We can see a distribution of the data with a simple histogram plot. Using the DataExplorer
package in R makes it easy to plot a histogram of all continuous variables at once (Figure 4-30):
plot_histogram
(
pr
)
We are only concerned with the histograms for Qty.Requested, Valn.Price, and Net.Price. The deletion column we know is just a binary we created where 1 means the item was rejected (deleted) and 0 means it was not. We quickly see that all histograms are right skewed as we suspected. They have a tail running off to the right. It is important to know this as we may need to perform some standardization or normalization before modeling the data.
Note
Normalization reduces the scale of the data to be in a range from 0 to 1:
Xnormalized = X−Xmin / (Xmax−Xmin)
Standardization reduces the scale of the data to have a mean(μ) of 0 and a standard deviation(σ) of 1:
Xstandardized = X−μ / σ
Another test is the QQ plot (quantile-quantile). This will also show us if our continuous variables have a normal distribution. We know that the distributions were not normally distributed by the histograms. The QQ plot here is for illustration purposes.
A QQ plot will display a diagonal straight line if it is normally distributed. In our observations we can quickly see that these variables are not normally distributed. The QQ plot in DataExplorer (see Figure 4-31 for interesting continuous features, and Figure 4-32 for the deletion flag) by default compares the data to a normal distribution:
plot_qq
(
pr
,
sample
=
1000L
)
Phase 4: Modeling Our Data
Now that we’ve familiarized ourselves with the data, it’s time to shape and feed it into a neural network to check whether it can learn if a purchase requisition is approved or rejected. We will be using TensorFlow and Keras in R to do this. Greg and Paul know that the Modeling phase is where value actually gets extracted—if they approach modeling correctly, they know they’ll glean valuable insight unlocked by following through on the Collect, Clean, and Analyze phases.
TensorFlow and Keras
Before we dive deep into our model, we should pause a bit and discuss TensorFlow and Keras. In the data science and machine learning world, they’re two of the most widely used tools.

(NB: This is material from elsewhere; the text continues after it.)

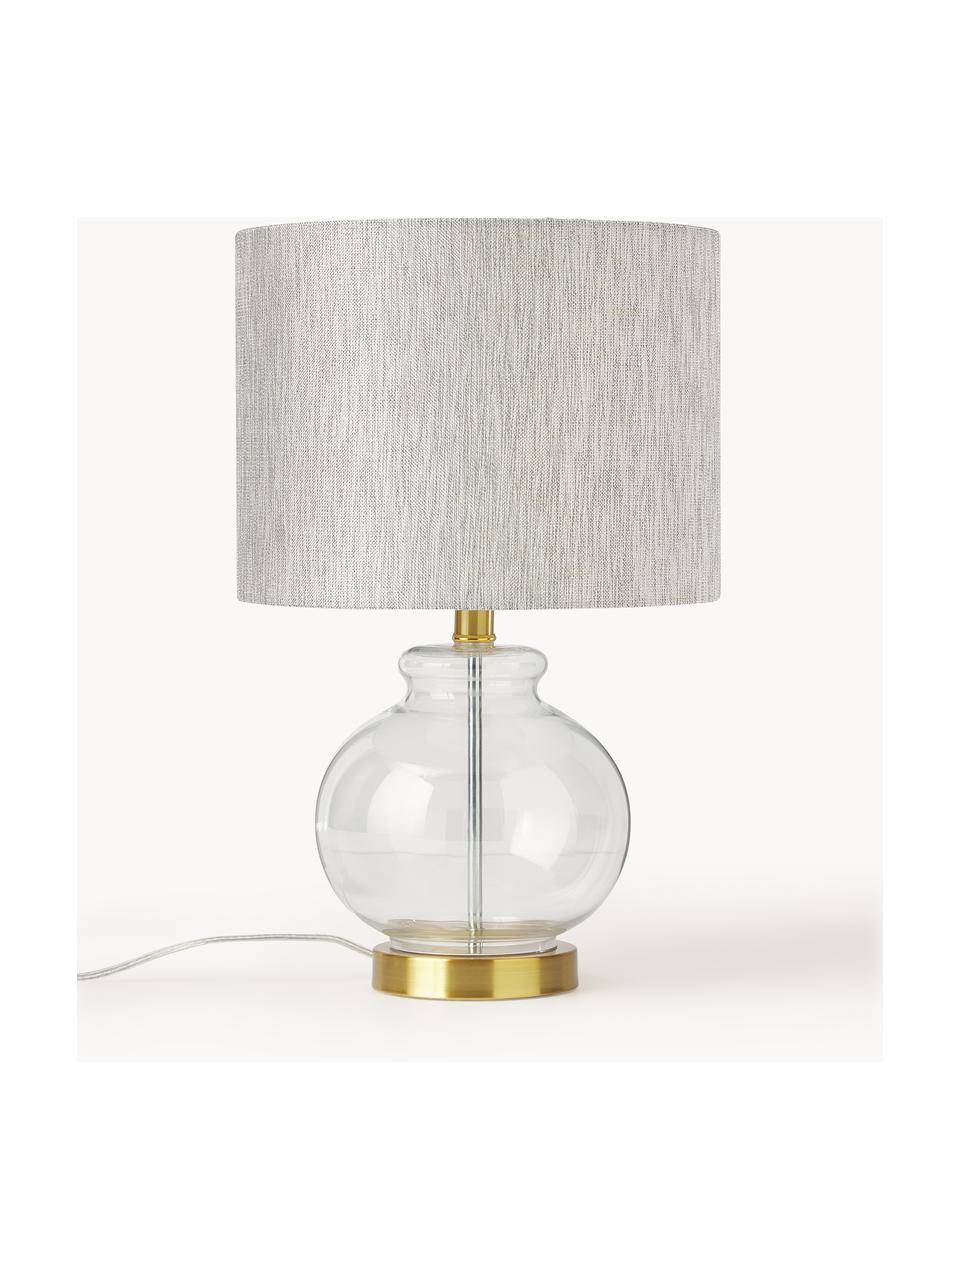 Tischlampe Natty mit Glasfuß, Lampenschirm: Textil, Lampenfuß: Glas, Sockel: Messing, gebürstet, Beige, Transparent, Ø 31 x H 48 cm

TensorFlow is an open source software library that, especially since its 1.0.0 release in 2017, has quickly grown into widespread use in numerical computation. While high-performance numerical computation applies across many domains, TensorFlow grew up inside the Google Brain team in their AI focus. That kind of pedigree gives its design high adaptability to machine learning and deep learning tasks.
Even though TensorFlow’s hardest-working code is highly tuned and compiled C++, it provides a great Python and R API for easy consumption. You can program directly using TensorFlow or use Keras. Keras is a higher level API for TensorFlow that is user-friendly, modular, and easy to extend. You can use TensorFlow and Keras on Windows, macOS, Linux, and Android/iOS. The coolest piece of the TensorFlow universe is that Google has even created custom hardware to supercharge TensorFlow performance. Tensor Processing Units (TPUs) were at the heart of the most advanced versions of AlphaGo and AlphaZero, the game-focused AIs that conquered the game of Go—long thought to be decades away from machine mastery.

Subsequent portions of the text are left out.